Reply
Wed 4 May, 2005 05:26 pm
I sit on a planning board of a rural township. I have proposed some major changes to our zoning ordinances because the actual costs of developing land outweighs the income to the township. I need some good sorces of credible data about how non commercial, residential housing actually jacks up the taxation rates due to increased demands on services.
We are being inundated by development proposals and we are talking with farm owners to place their lands in irrevocable transver of development rights covenants (TODs)
I live in a state whose population has stayed fairly stable for 30 years but development pressure from mature suburbs into the rural areas (thus creating rubuirbs) is getting outrageous.

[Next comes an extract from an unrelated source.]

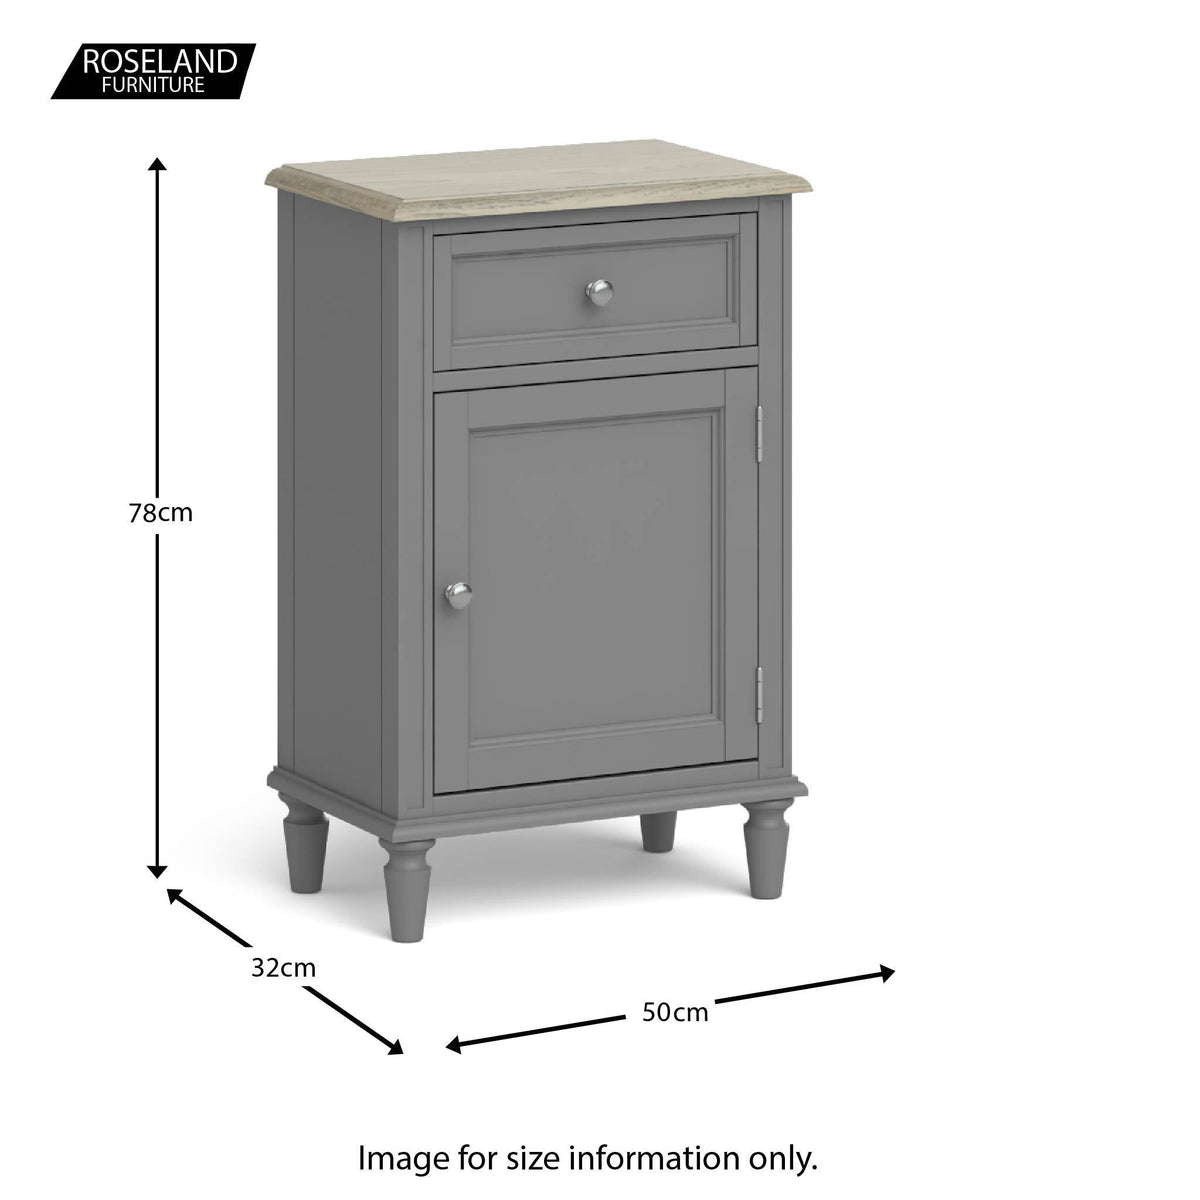 Dimensions for The Mulsanne Grey French Style Hallway Telephone Cabinet

Of course I wish to save the countryside. But I need to make the other commissioners and supervisors understand how the initial "fees" for building permits will be swallowed and consumed by the later tax bill increase as the demands for services kick in.
Any help would be appreciated, I know we have some bright land management types out there.
This is a topic my own community is dealing with. Try this source and go to the bottom for references:
http://www.urbanext.uiuc.edu/lcr/LGIEN2000-0011.html
Just a quick add on: I always say if development helps keep taxes down, everyone in NYC would just chip in a quarter while the folks of East Jesus Nebraska would be writing out checks for a million bucks.